§ **What needs to be done**
Copy out each line of the material exactly. Pictures do not belong in the copy.

§ **Stored data**

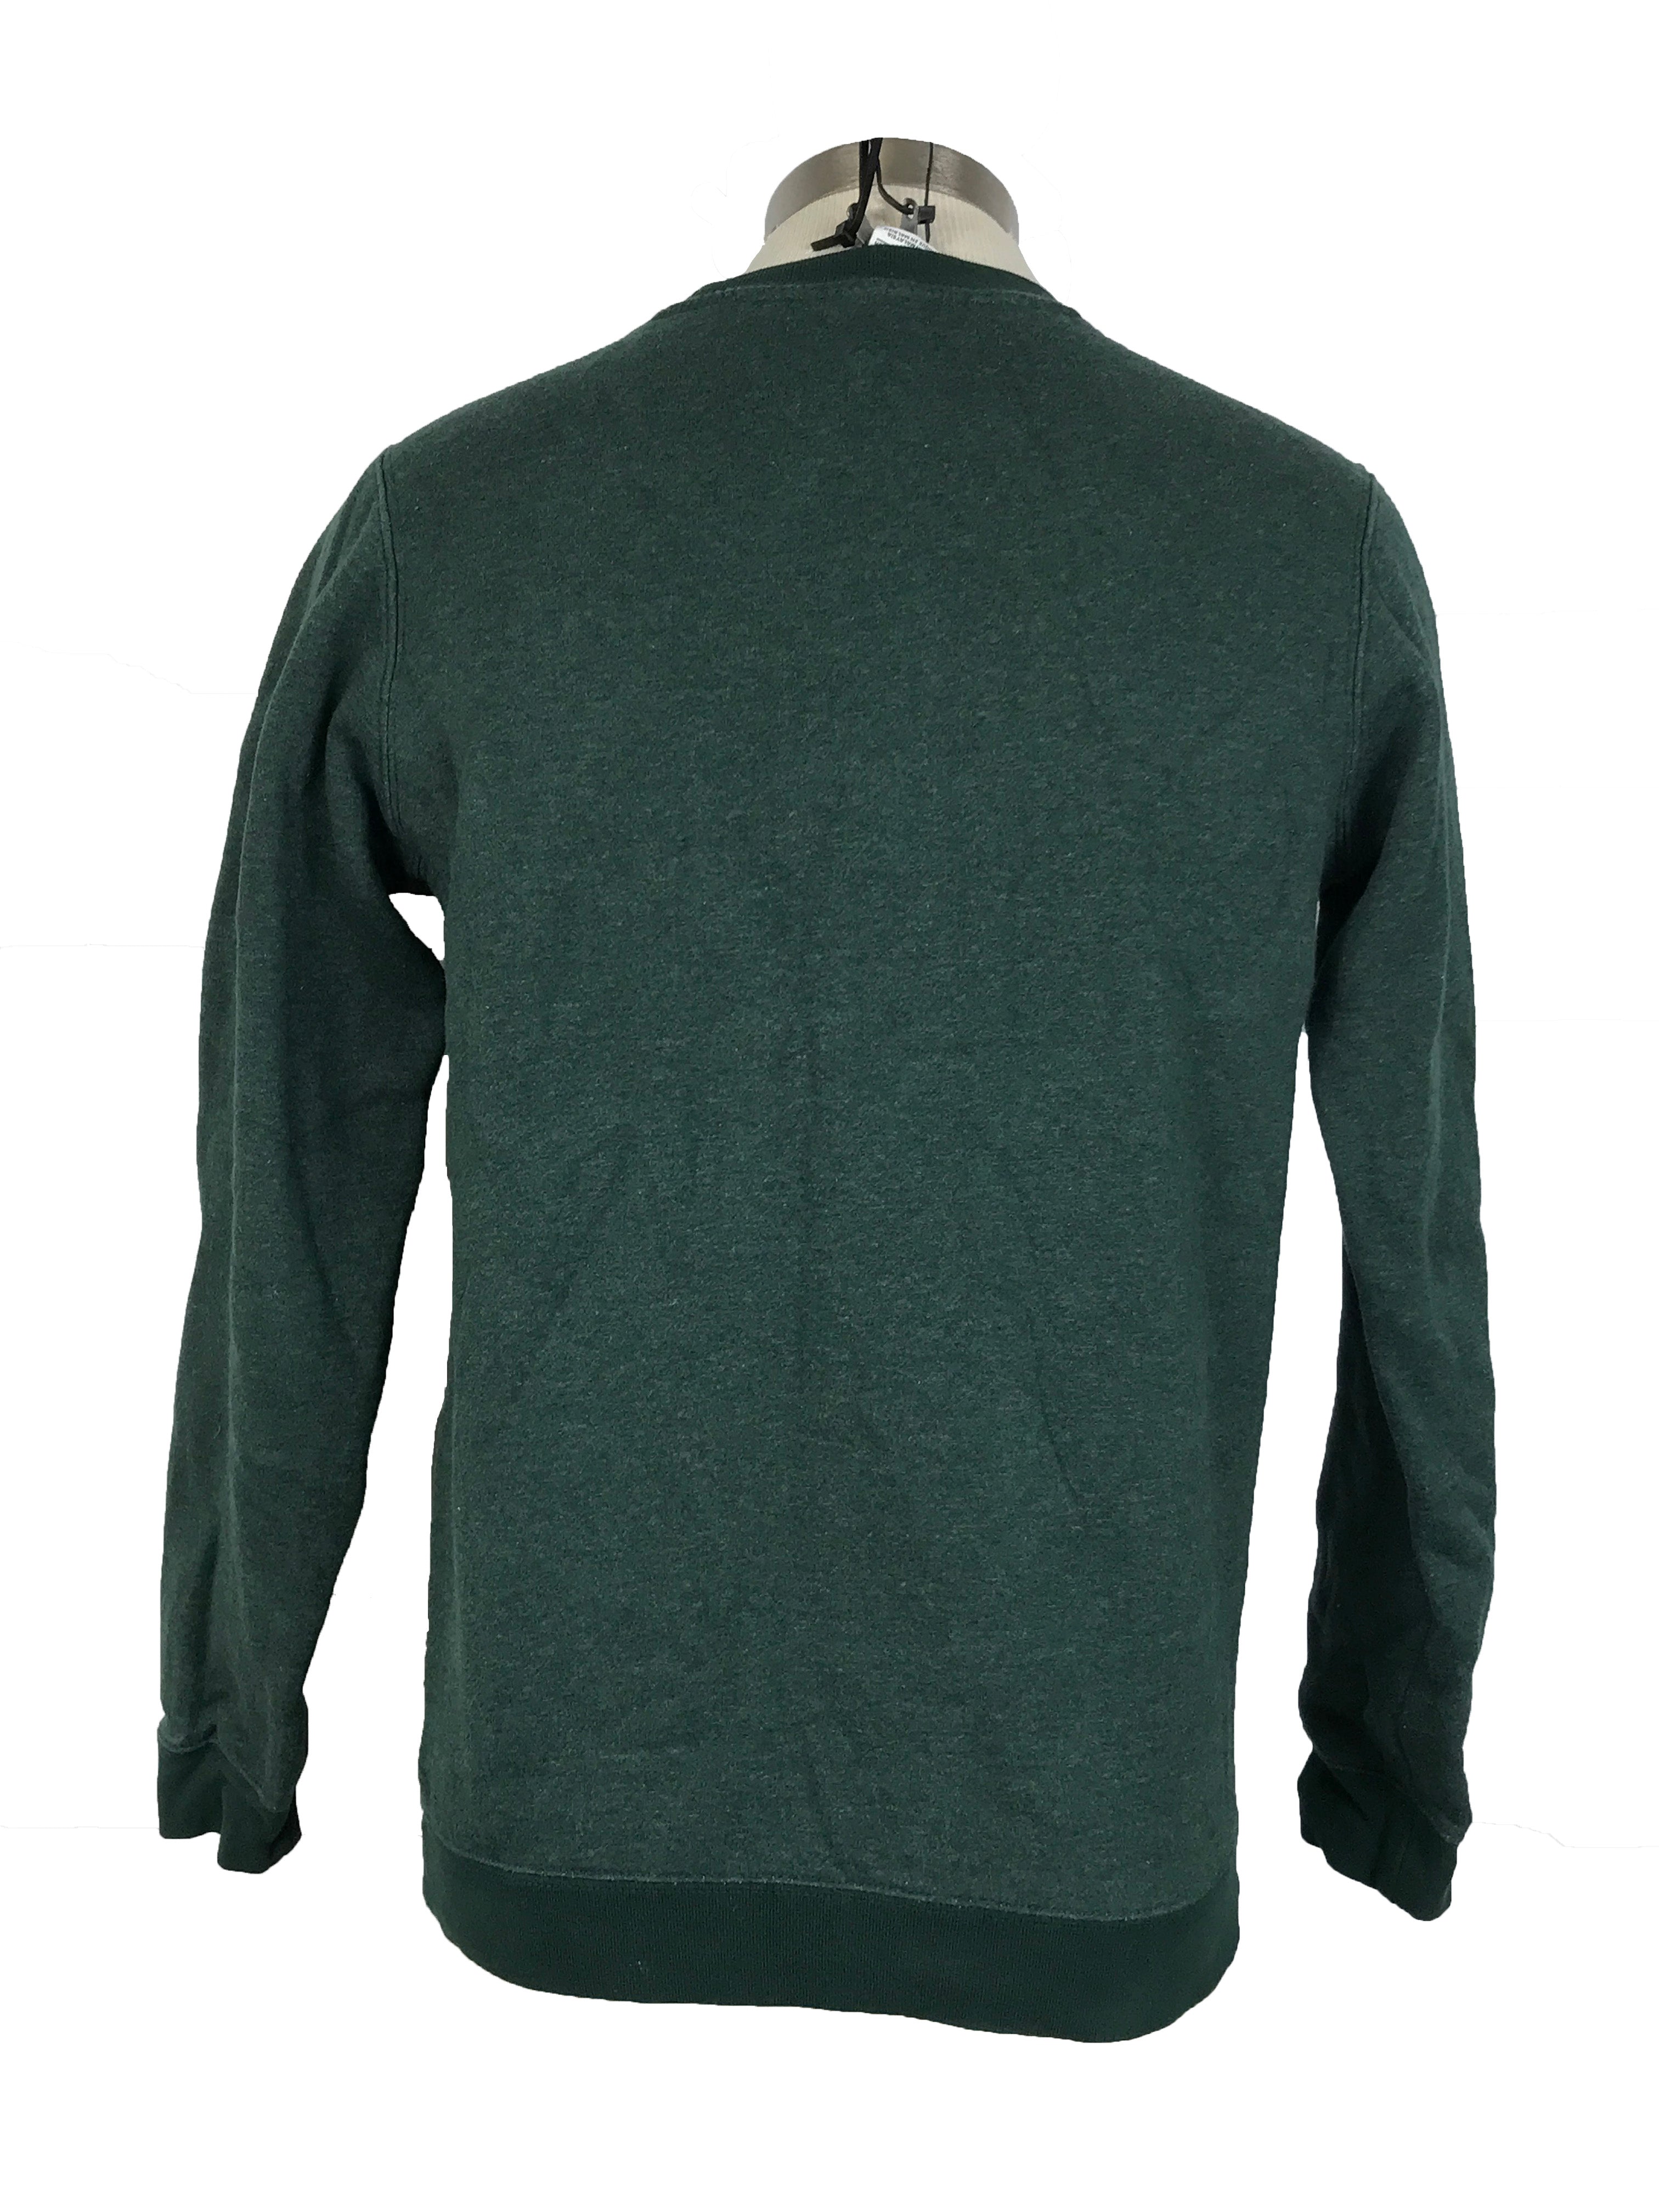 Nike Michigan State University Green Sweatshirt Unisex Size Small
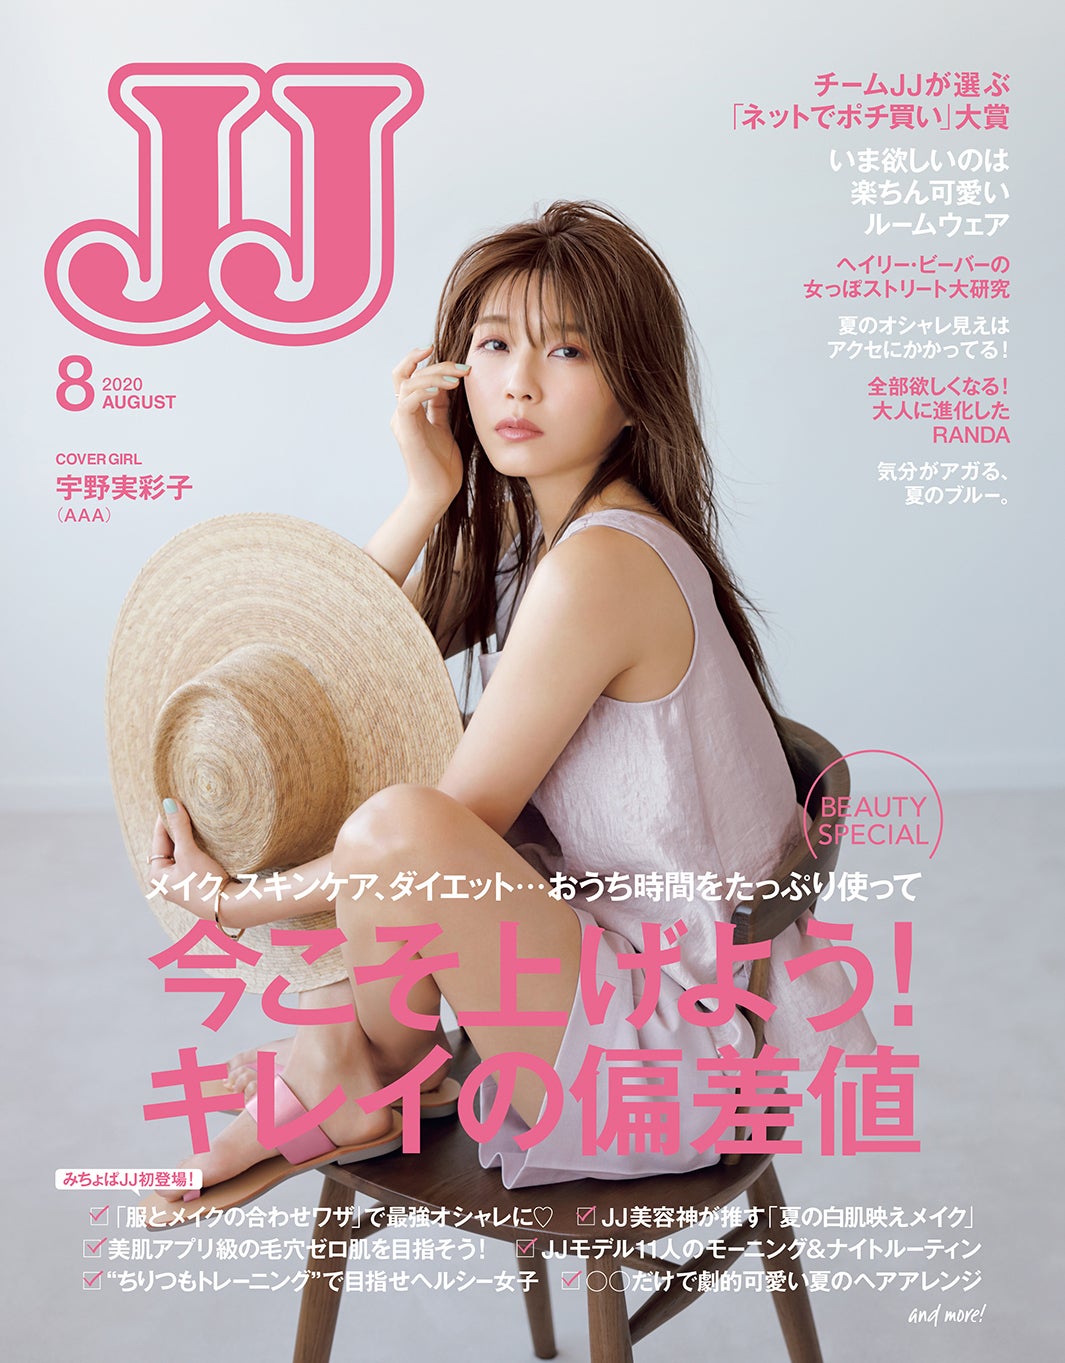 画像9/10) AAA宇野実彩子「JJ」初表紙で変わらぬ美貌 美の名言が続々登場 - モデルプレス
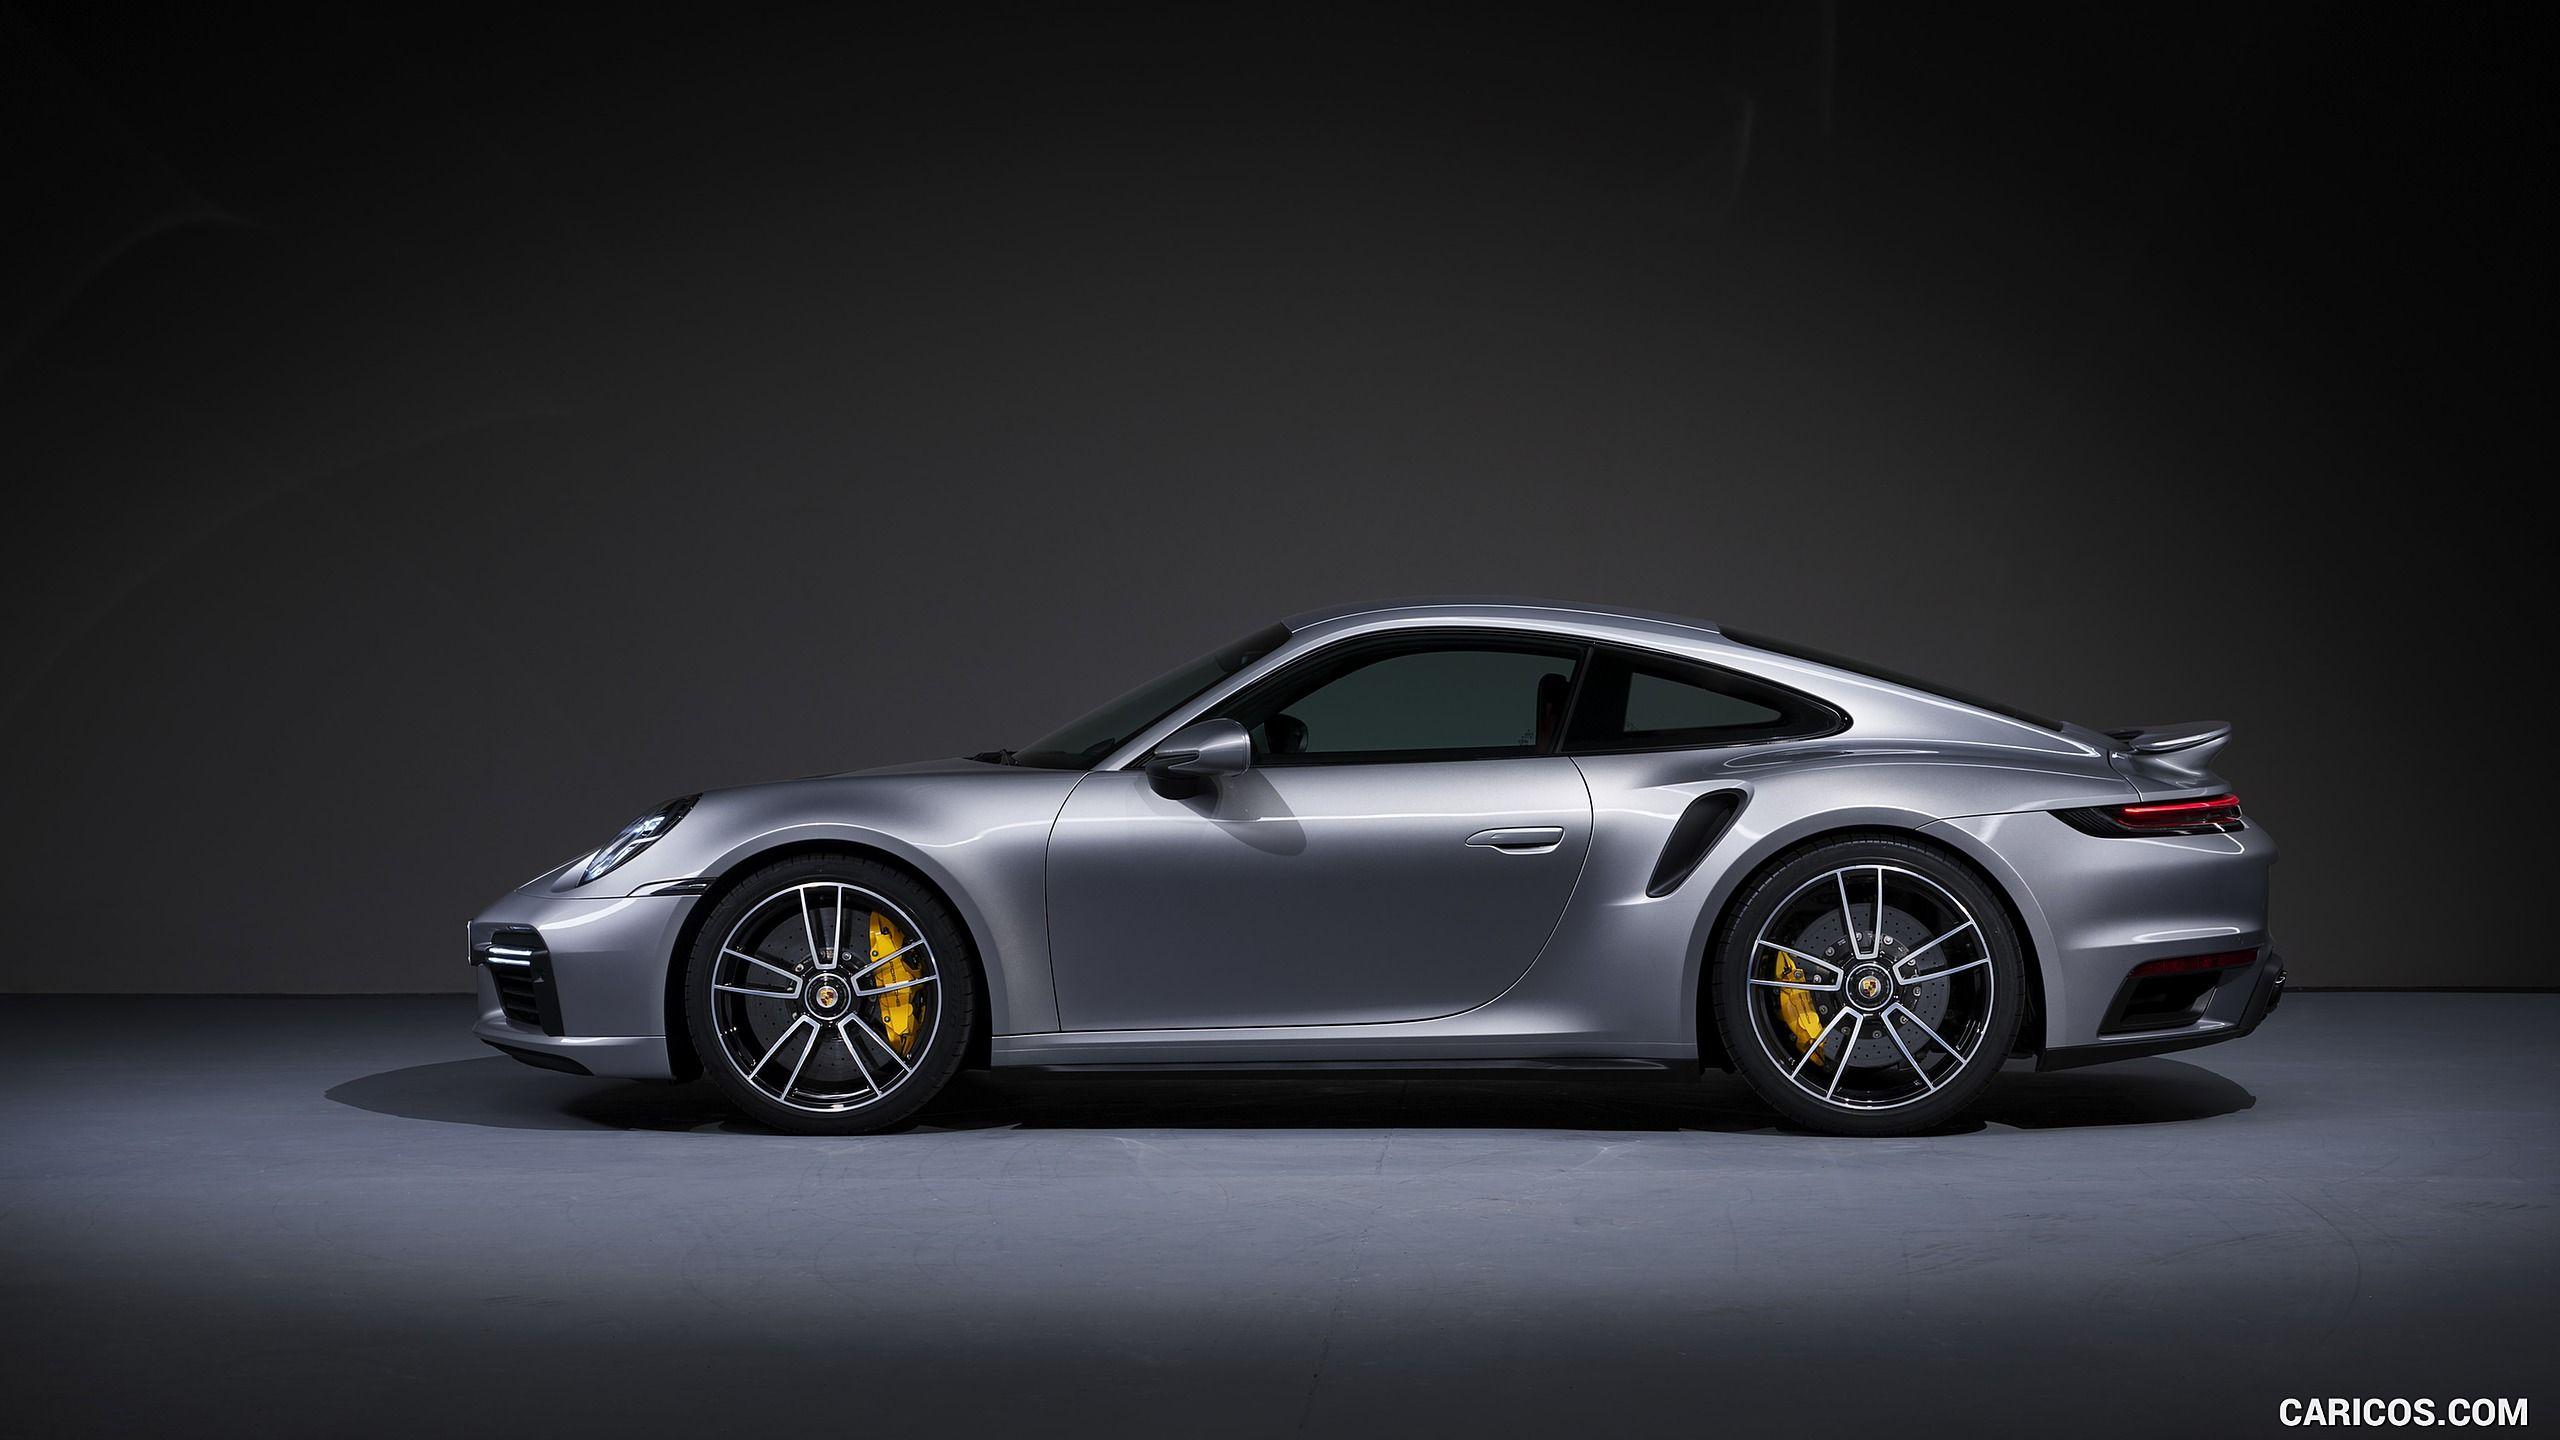 Porsche Carrera Wallpapers Top Free Porsche Carrera Backgrounds Wallpaperaccess

§ **Response to the task**
 Nike Michigan State University Green Sweatshirt Unisex Size Small
 画像9/10) AAA宇野実彩子「JJ」初表紙で変わらぬ美貌 美の名言が続々登場 - モデルプレス
 Porsche Carrera Wallpapers Top Free Porsche Carrera Backgrounds Wallpaperaccess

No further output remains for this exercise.